Some tactics you can use are:
- RFID and real-time inventory analytics. Tag high-value SKUs and integrate readers with your warehouse management system and retail operating system so mis-scans surface quickly.
- AI video analytics and CCTV. Layer object-tracking models to flag “sweeping” behavior, ORC bag drops, or doors held open after hours.
- Geofenced GPS/IoT trackers on outbound pallets. Set an auto-alert if a shipment deviates from the defined corridor or lingers too long at an unscheduled stop.
📚 Read: What Is Loss Prevention? Strategies and Examples (2025)
Product security FAQ
What is product security vs. application security?
Product security protects physical devices and their embedded software throughout their life cycle. Application security deals exclusively with securing standalone software applications, such as web or mobile apps.
Why is product security important?
Product security is important because it protects customer data and trust, safeguards your business reputation, avoids financial and legal repercussions from breaches, and ensures the reliability and longevity of your products.
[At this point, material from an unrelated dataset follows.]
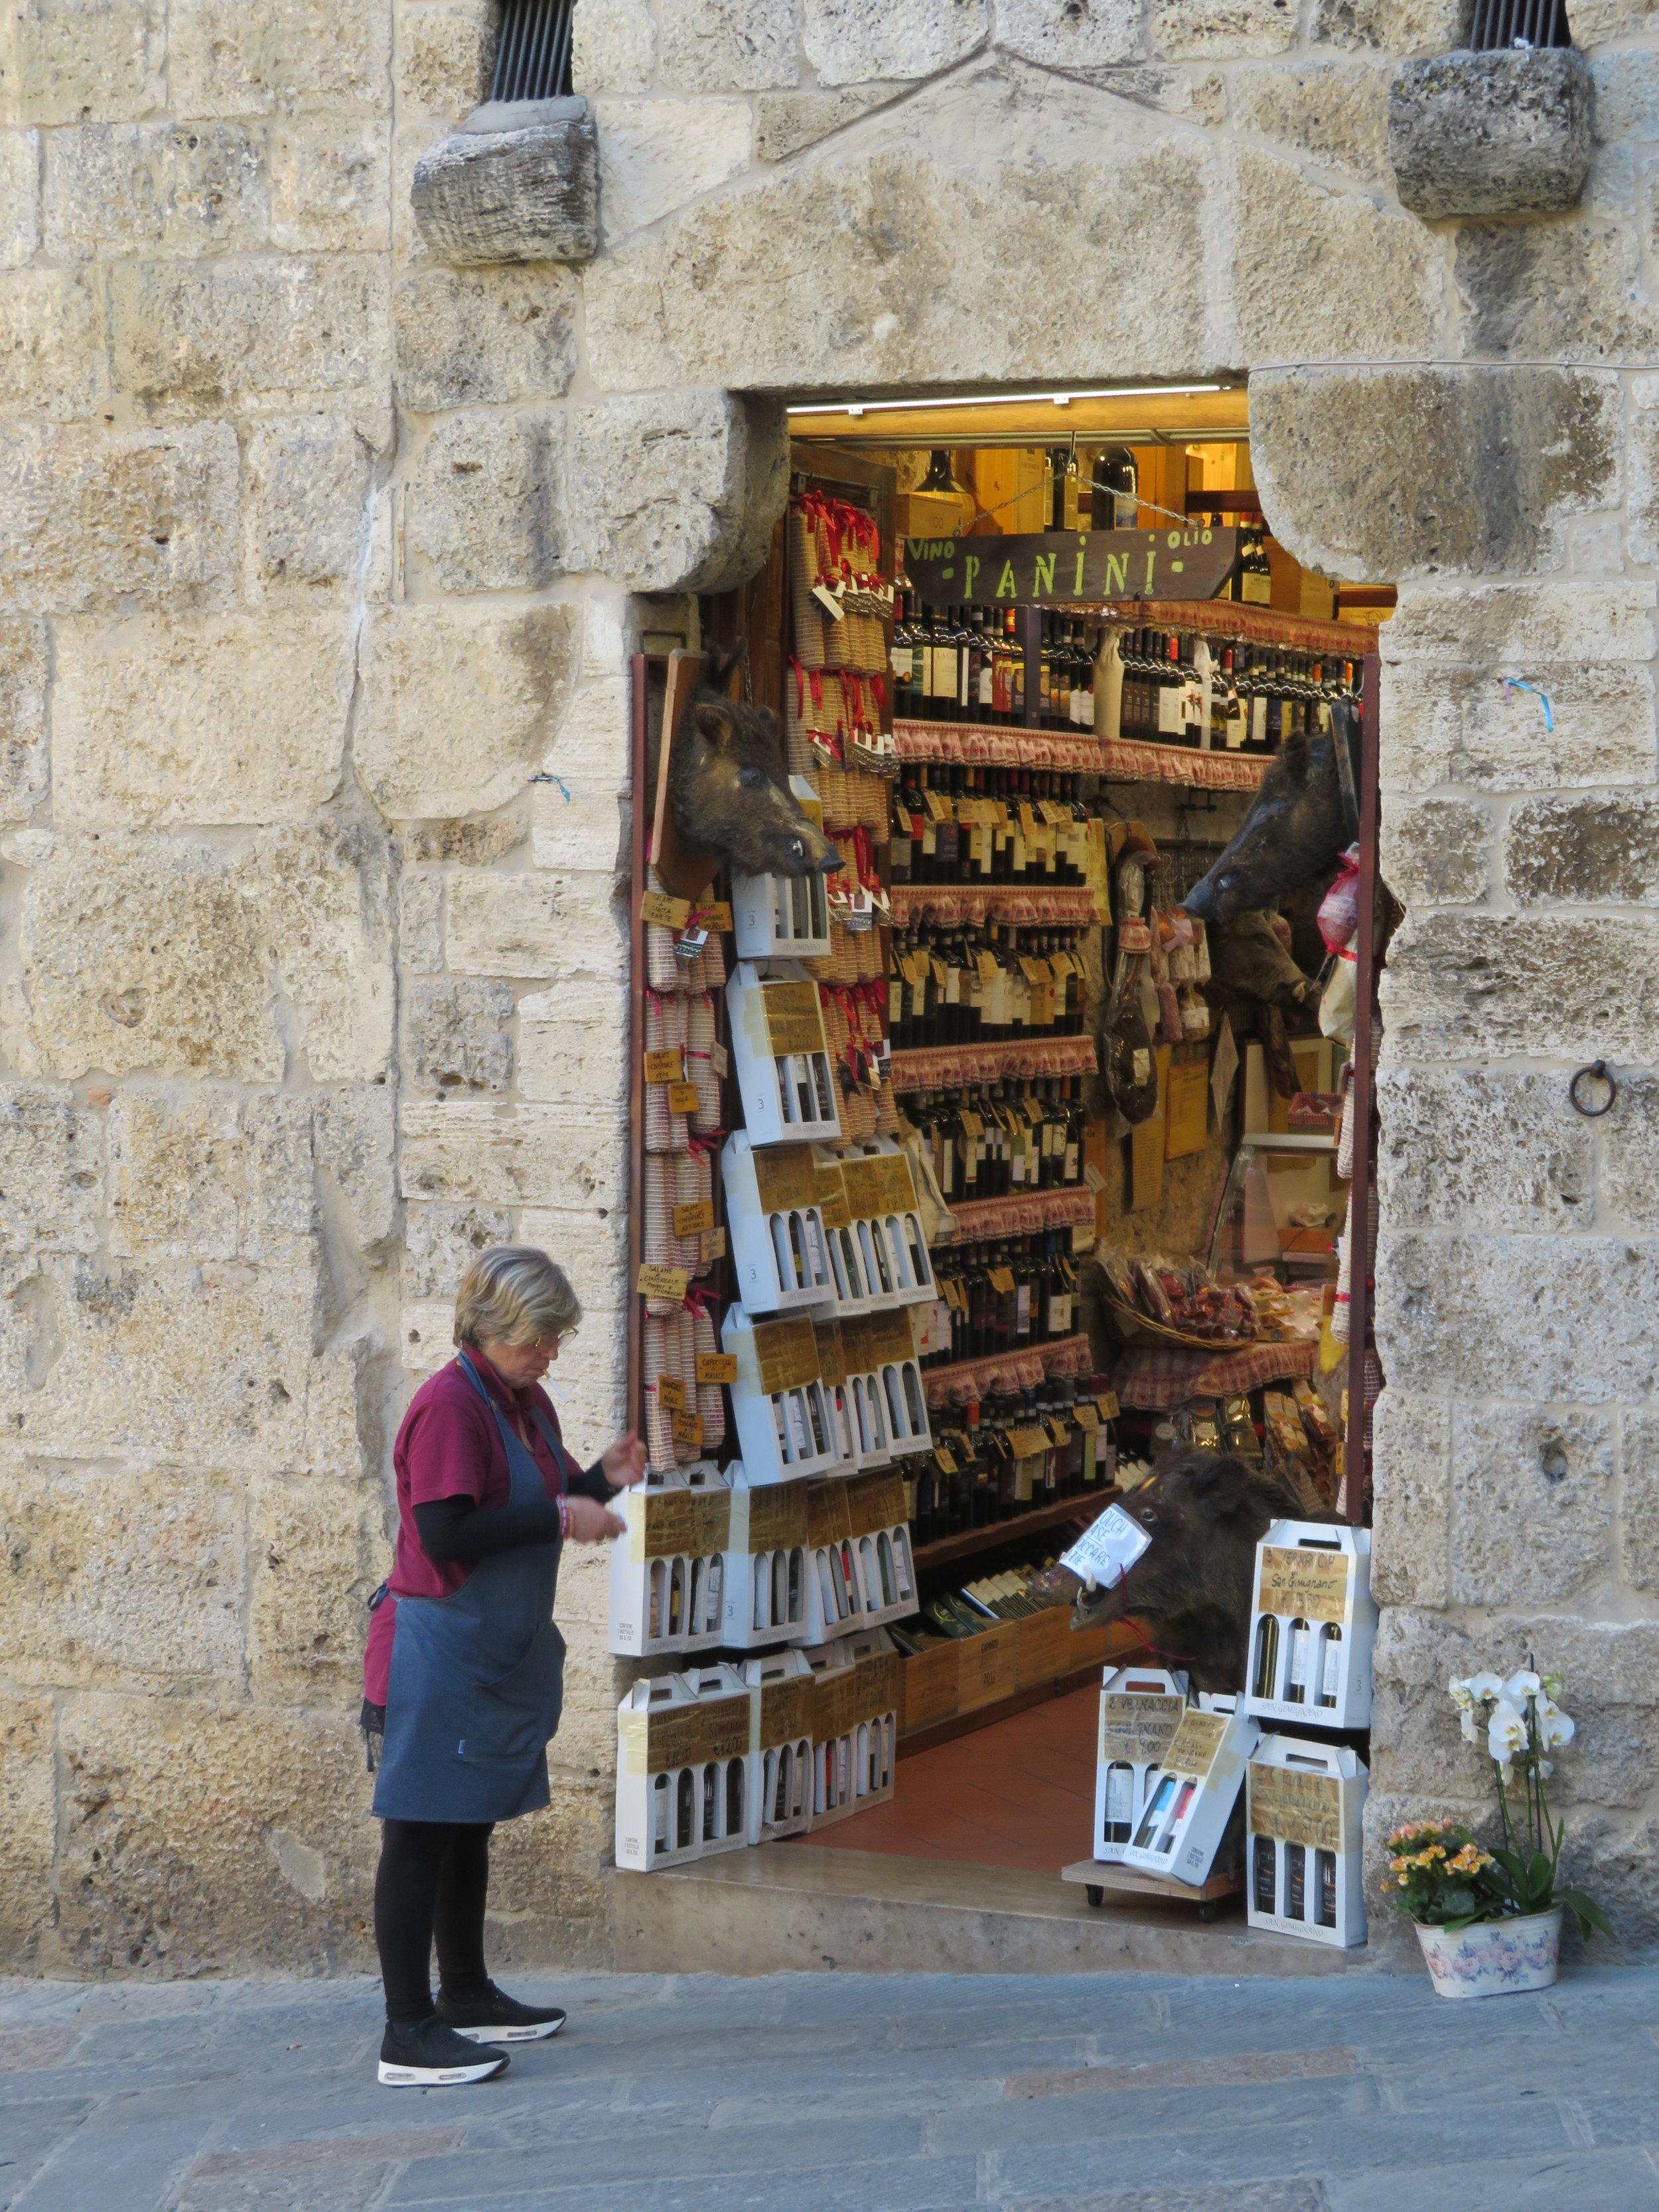 A fine wine shop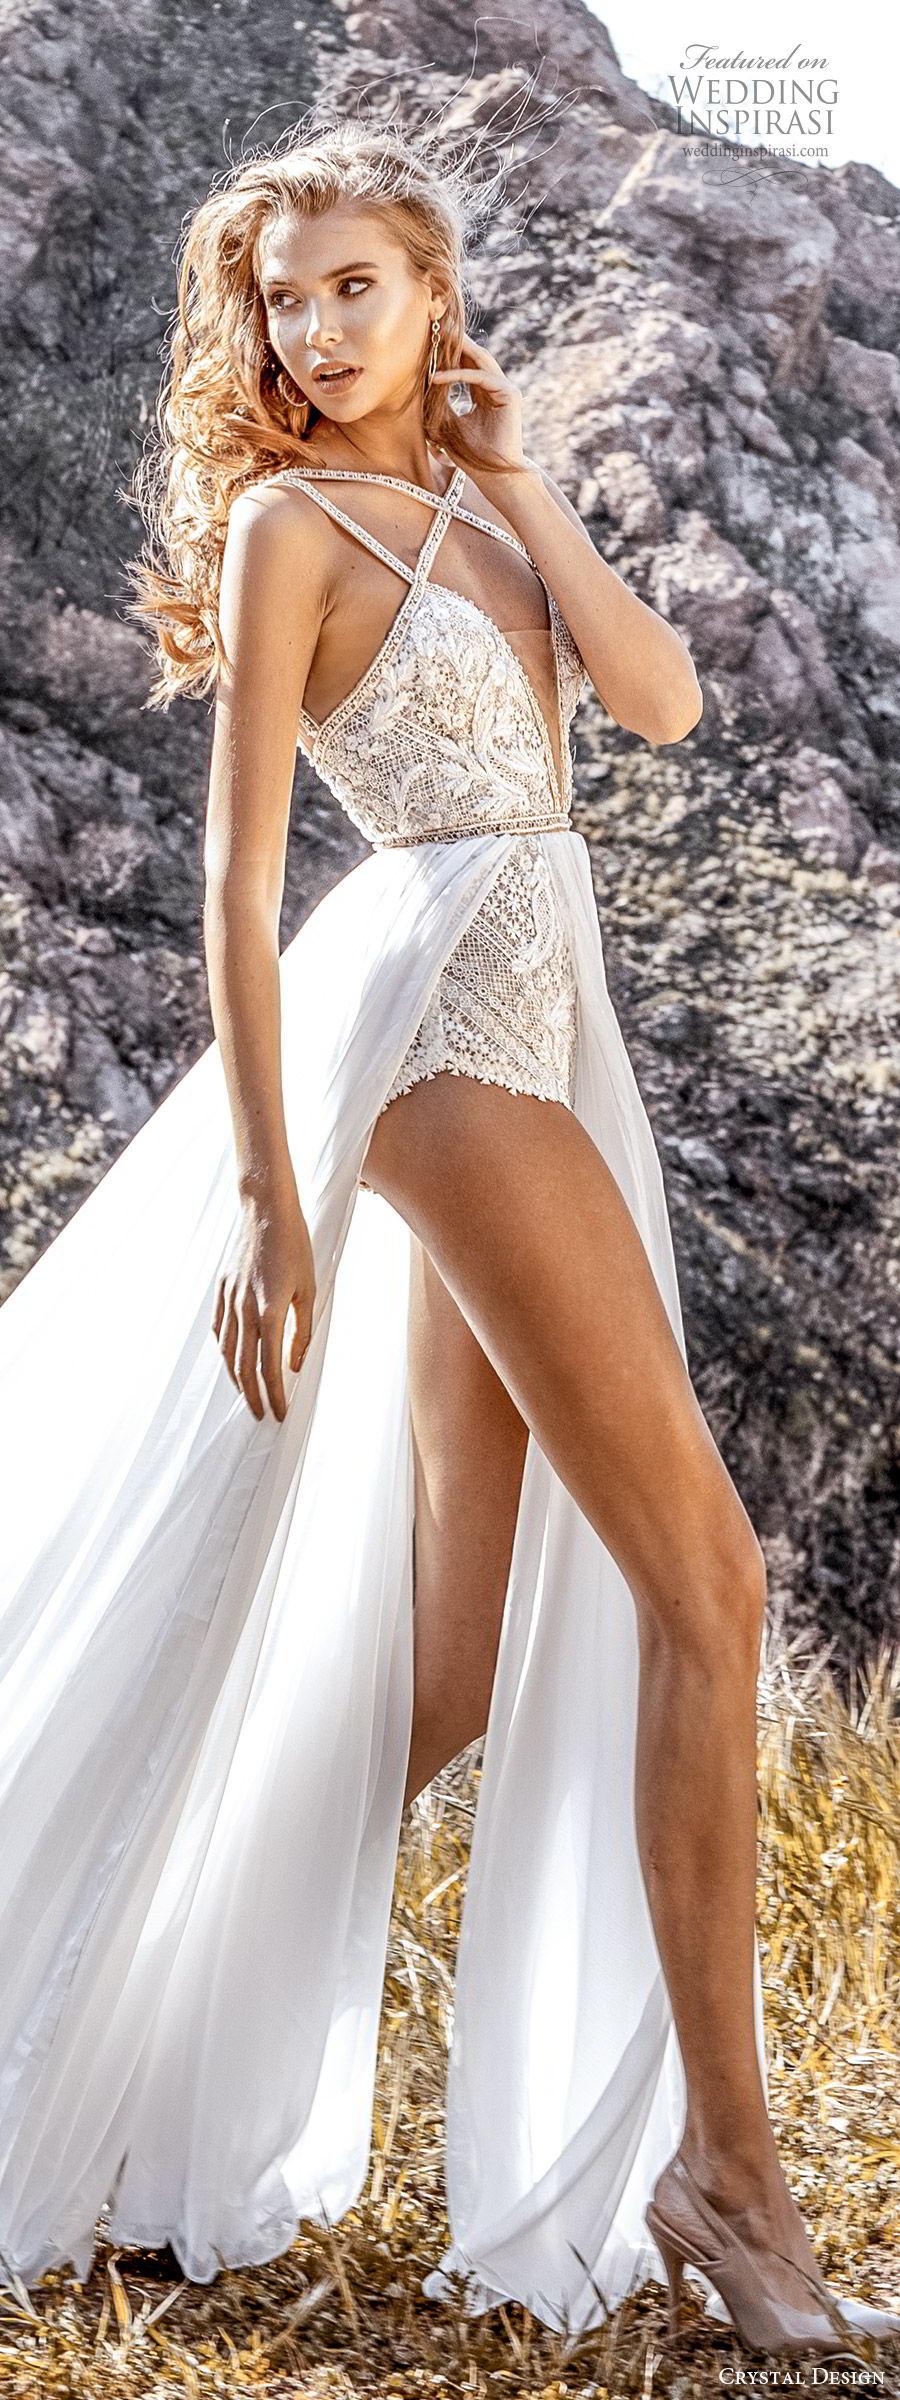 crystal design 2020 couture bridal sleeveless beaded straps plunging split sweetheart neckline bodysuit aline wedding dress slit sheer skirt (2) sexy modern chapel train sv

What is a product security engineer?
A product security engineer designs, reviews, and tests software and hardware products for vulnerabilities. They conduct threat modeling, create secure coding practices, fix patches, and build automated security testing into the CI/CD pipeline.
Is a VPN a security product?
Yes, a Virtual Private Network (VPN) is a security product. It encrypts traffic and masks IP addresses to protect data in transit. They only cover network-layer risks, however. Organizations need additional measures like endpoint hardening and MFA for complete brand protection.